In the past, an engineer would typically sit down at a computer and model and solve as many different designs as he or she had time to pursue. And often it wasn't very many. In many cases, time constraints made it necessary to settle for the first design that provided “good enough” results, rather than aiming at true optimization.
But in this case, new software capabilities automate the process of optimizing the design. Basically, the user defines what design parameters can be varied, such as component locations, number of fins on a heatsink and the size or location of vents, and the range of variation allowed. The user also sets a design objective — often referred to as a cost function — to be optimized, such as component temperatures, pressure drop, airflow rate or some combination of these. The design optimization software then proceeds to find values for the design parameters that satisfy all constraints and produces the optimum value for the cost function.
Instead of running all possible combinations of values in order to explore the whole design envelope, which would take a great deal of CPU time, the software runs only a relatively small number of variants, calculates the response surface and intelligently works out how to adjust the design variables for subsequent runs. This produces an optimized design in the shortest possible time.
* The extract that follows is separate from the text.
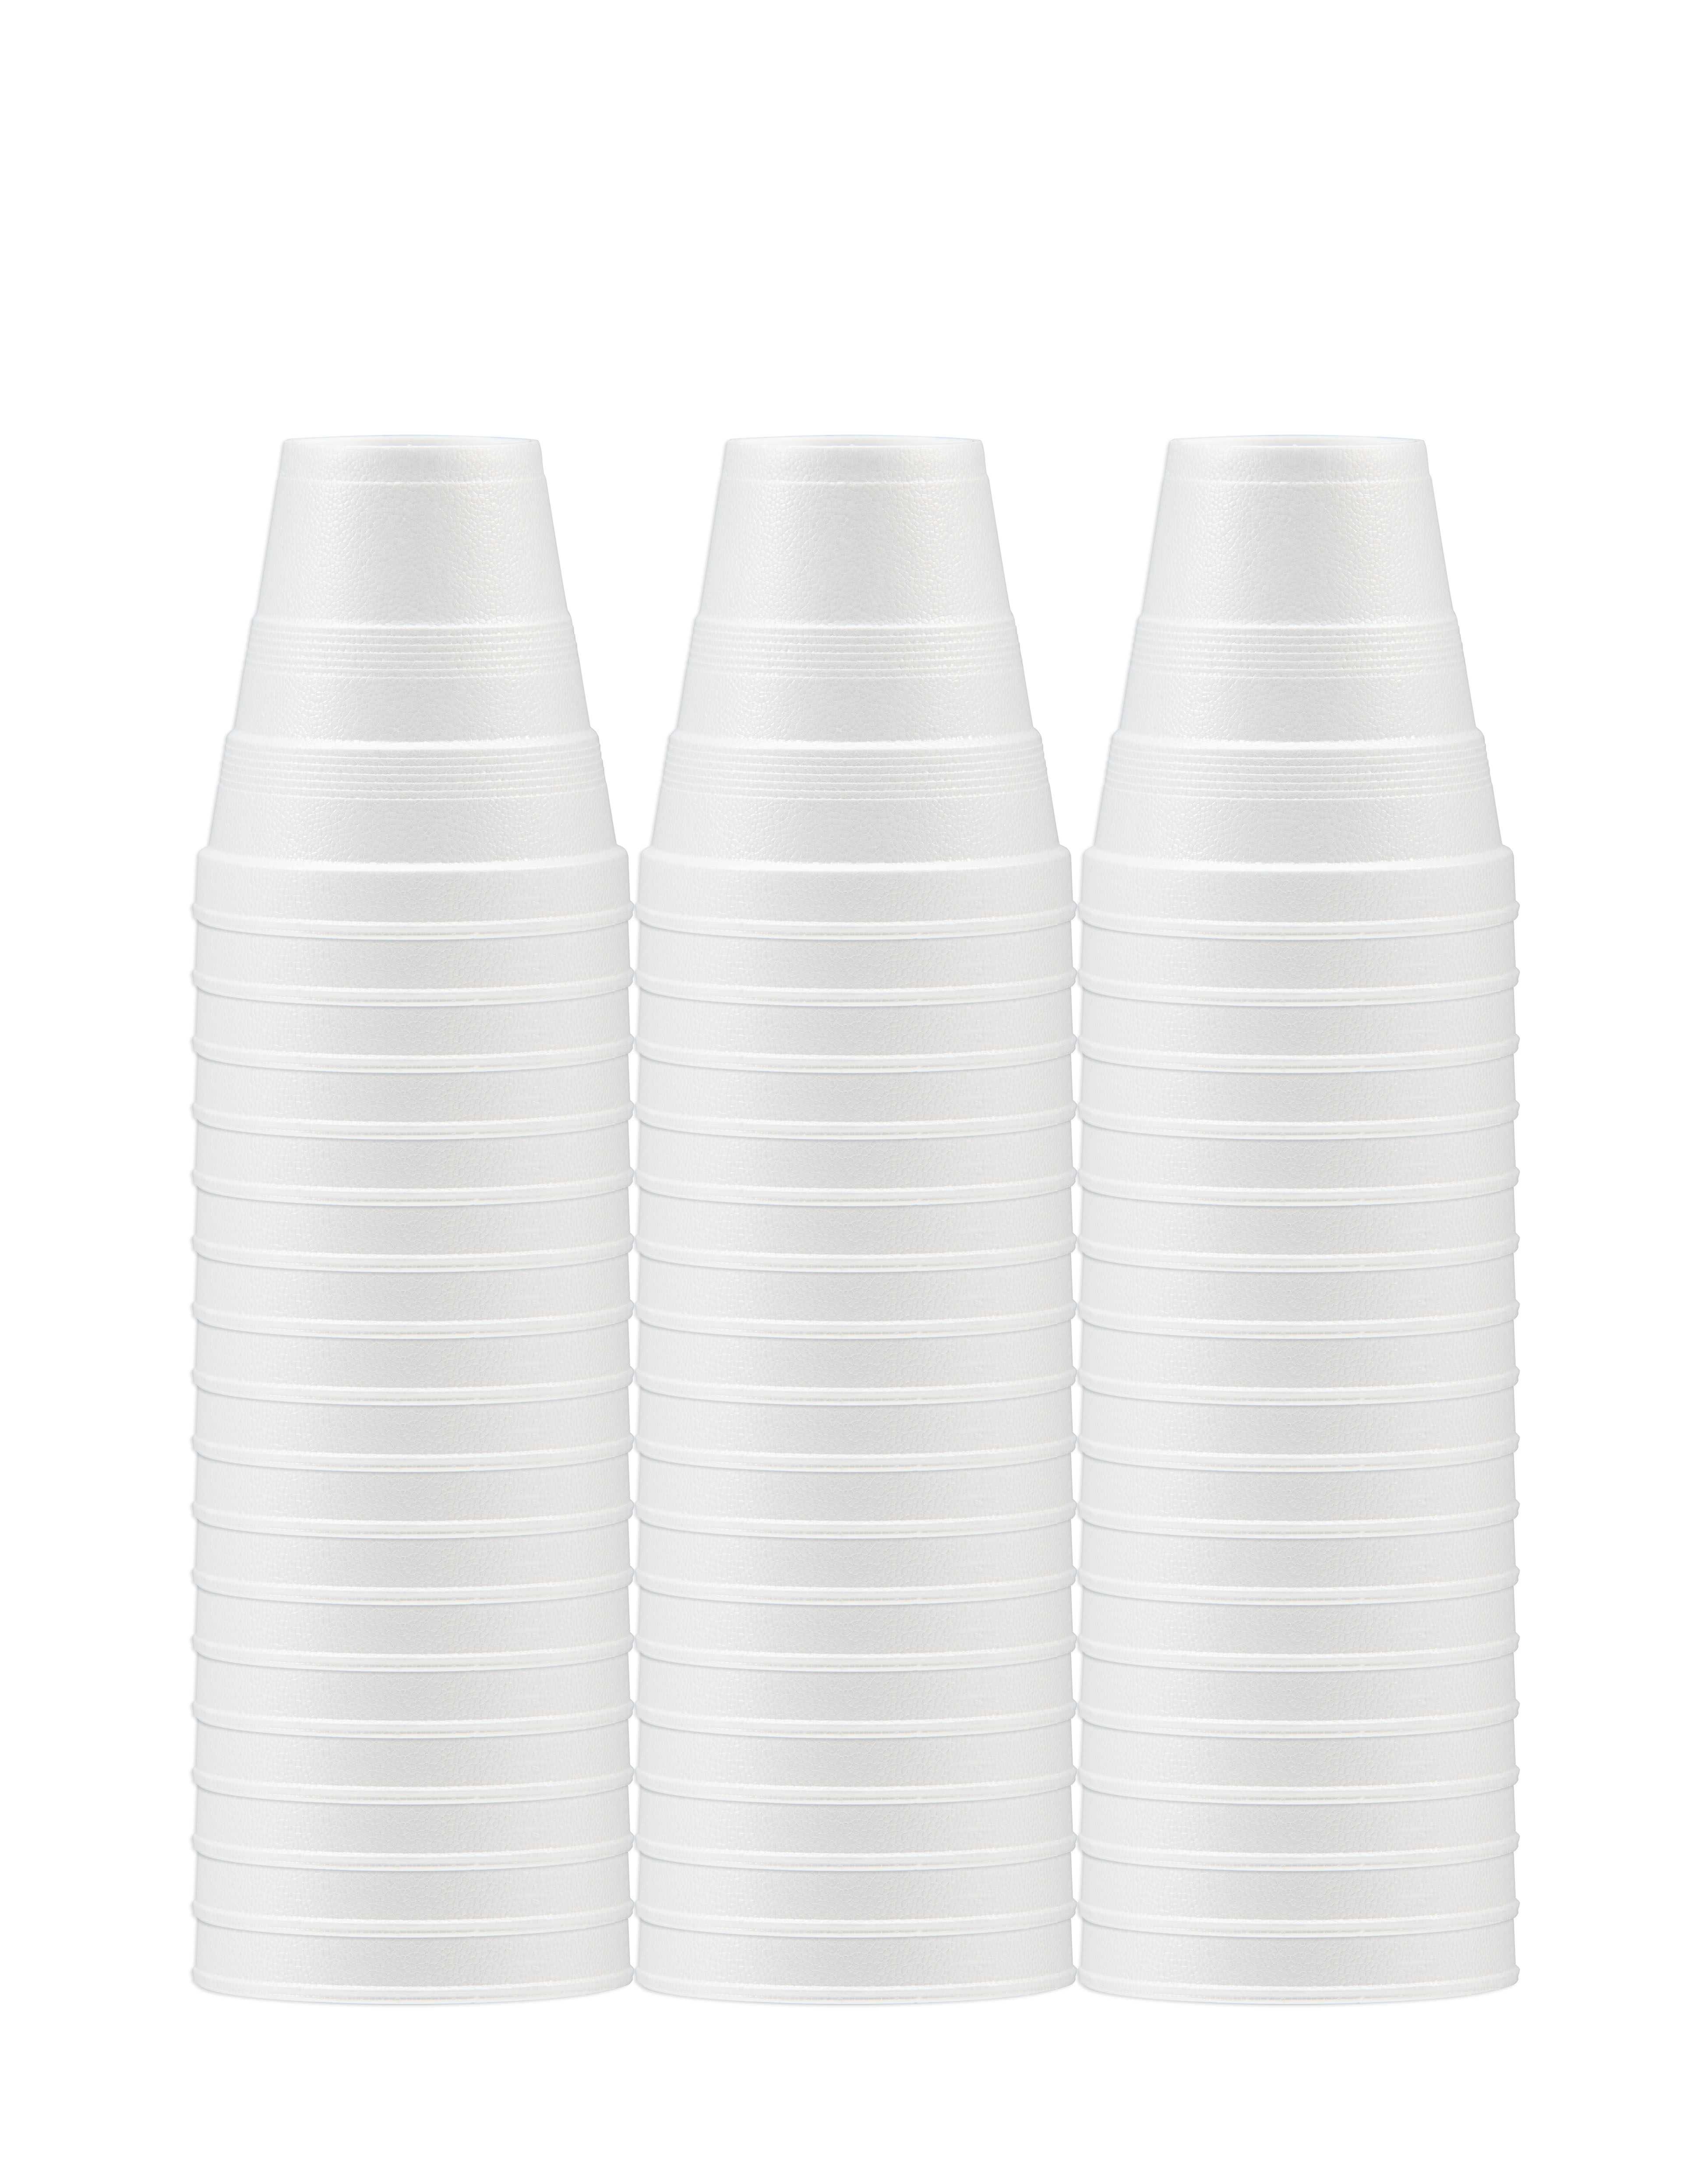 Great Value Disposable Foam Cups, 8 Ounce, 50 Count - image 4 of 8

In this case, the physical limitations of the chassis help define the design space for the baffle. The baffle angle with the roof of the enclosure can vary from 1 degree to 89 degrees, the length of the baffle can vary from 2 in. to 3.5 in., and the location relative to the back of the box can vary from 22.5 in. to 27.25 in. In addition, the position of the fan tray can vary from 29 in. to 31 in. from the back of the enclosure. The additional constraints required to define the baffle are the junction temperatures specified for each component. Along with these constraints, the software is configured to set a goal of minimizing the sum of selected component junction temperatures. With these parameters entered, the software is instructed to optimize the design.
In this case, the software first sets up a series of 10 iterations designed to explore the design space to locate interesting areas to be further explored during local optimization. In doing so, the software locates one area of the design space that is far superior to the others (Fig. 5). Then it sets up three more iterations in this area to perform local optimization. Finally, it runs five more iterations to confirm the design that was identified during the local optimization process.
The optimization process, which included running 18 iterations, took less than 3 hr, considerably less than the 6 hr that would be expected if each run took the same 20 min that it takes to run a single iteration. The reason for this time savings is that the software begins calculating the solution for each successive iteration with the solution from the previous iteration. As a result, the later iterations move very quickly to a solution. In this case, the optimal design was identified as the 13th iteration, with a baffle angle of 19 degrees, baffle length of 3.3 in., baffle position of 25.5 in. from the rear and fan tray position of 28.8 in. from the rear.
This design drops the junction temperatures of critical MCH components by 15°C, which is more than enough to meet design requirements. The relatively short time required for optimization makes it clear that in more difficult cases engineers can easily explore a wider range of alternatives, such as adding or subtracting heatsinks, changing component location and changing fan performance characteristics. This process can be used to optimize the mechanical design to a much higher level of performance than could be achieved using traditional build and test methods or even traditional simulation methods.